L'insonnia e l'ateroscelerosi subclinica © iStock

Sanihelp.it - Le persone che dormono meno di 6 ore per notte o si svegliano e riaddormentano più volte durante la stessa notte, sono a maggior rischio di sviluppare aterosclerosi: lo sostiene uno studio pubblicato sulla rivista Journal of the American College of Cardiology e condotto presso il Centro Nacional de Investigaciones Cardiovasculares Carlos III di Madrid.

Gli autori dello studio hanno registrato per 7 giorni il sonno di 3974 partecipanti allo studio Progression of Early Subclinical Atherosclerosis.

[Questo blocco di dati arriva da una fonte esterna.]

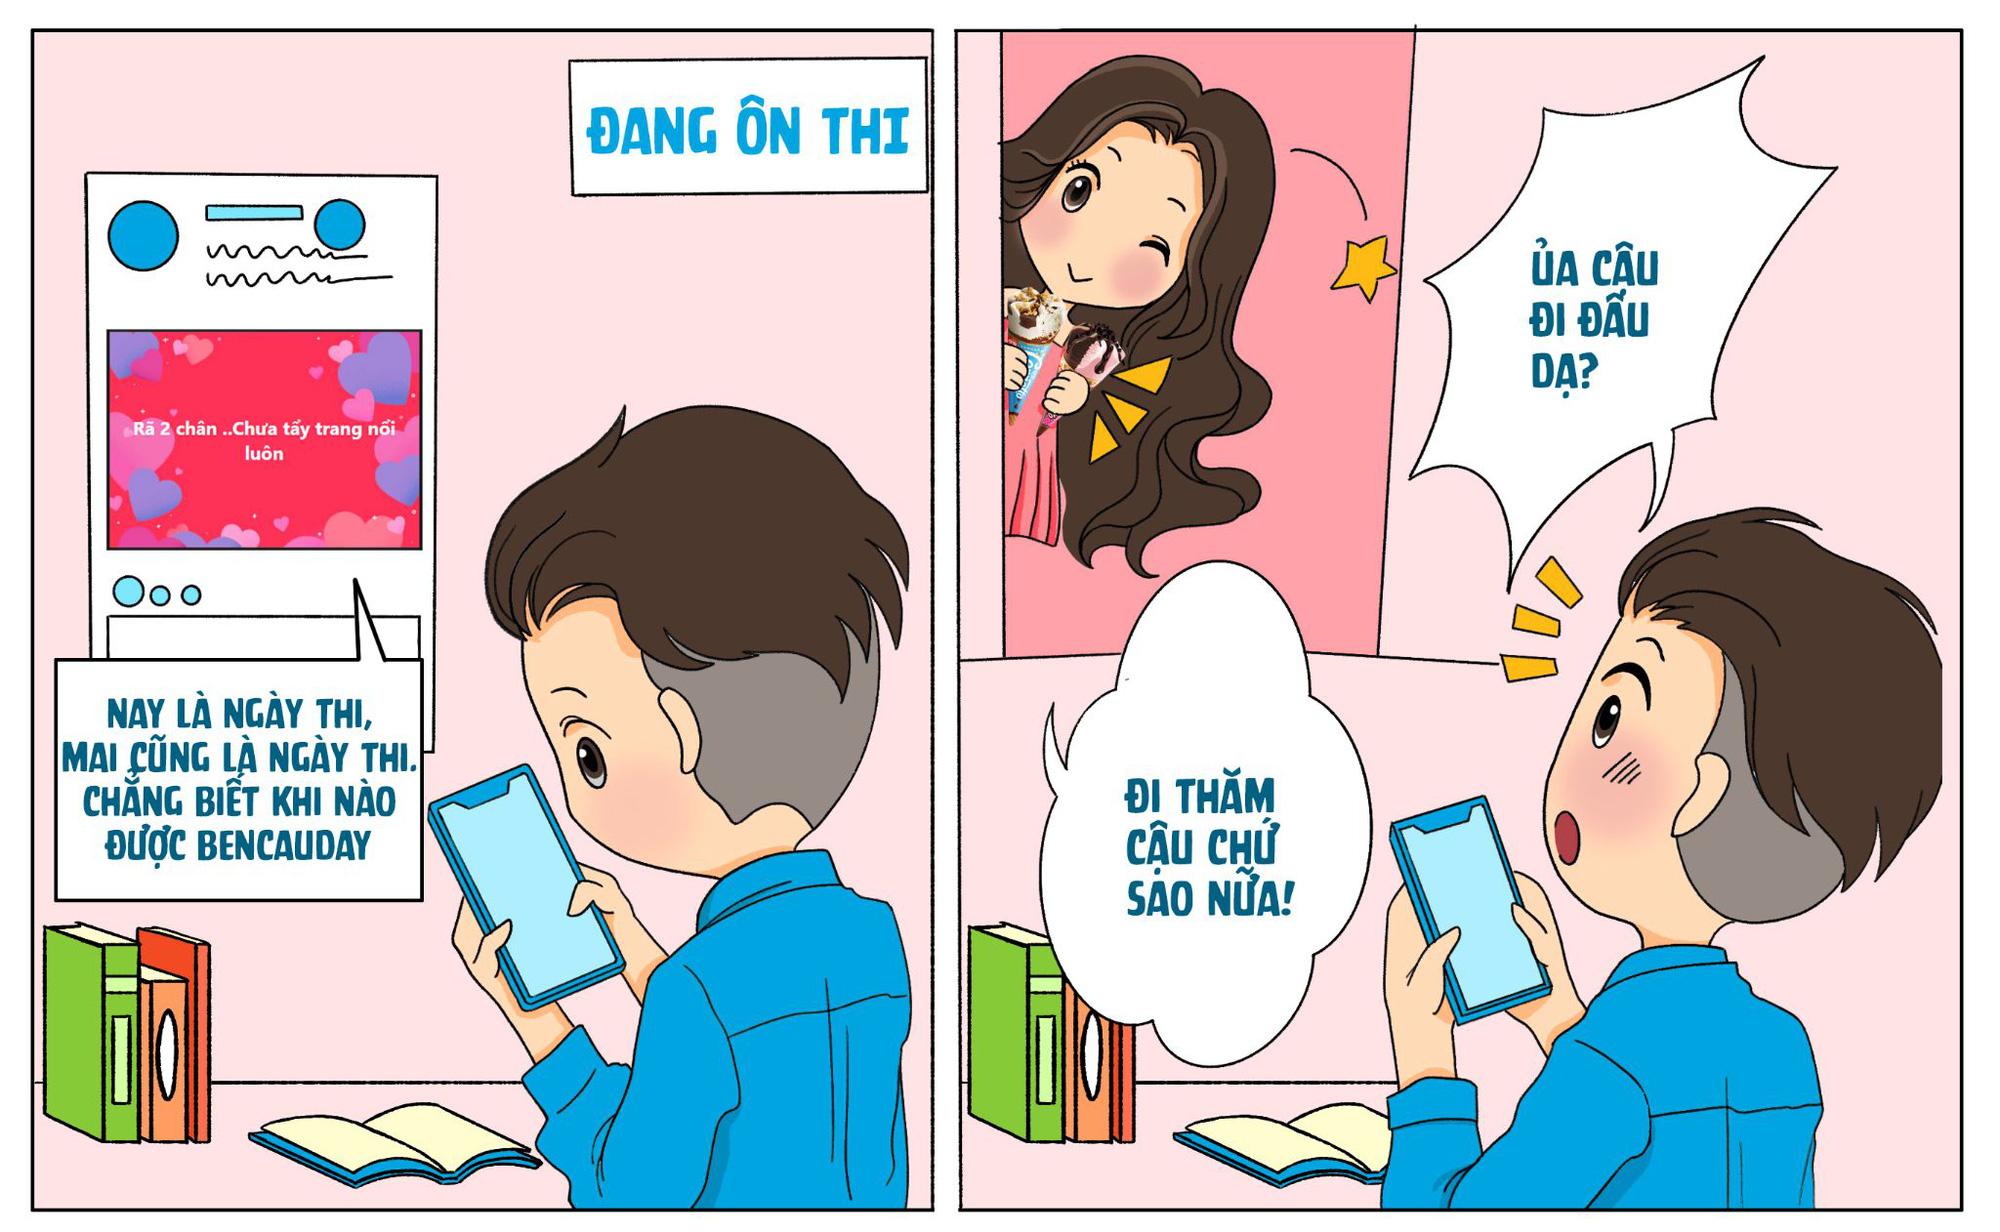 Loạt công thức tán crush mặn mà xứng đáng được xuất bản truyện tranh - Ảnh 1.

Gli stessi sono stati classificati in base alla durata del sonno: meno di sei ore (molto breve), da sei a sette ore (breve), da sette a otto ore (di riferimento) e più di otto ore (lungo).

Anche tenendo conto dei fattori di rischio per lo sviluppo di ateroscelerosi quelli abituati a dormire meno di 6 ore hanno evidenziato all’ecografia vascolare tridimensionale, un maggior carico aterosclerotico, rispetto al gruppo di riferimento.

Il sonno, quindi, costituisce un fattore importante ai fini della salute cardiovascolare e potrebbe svolgere un ruolo importante come marker di aterosclerosi subclinica.

Le sane abitudini di vita svolgono quindi un ruolo primario nella prevenzione delle malattie cardiovascolari.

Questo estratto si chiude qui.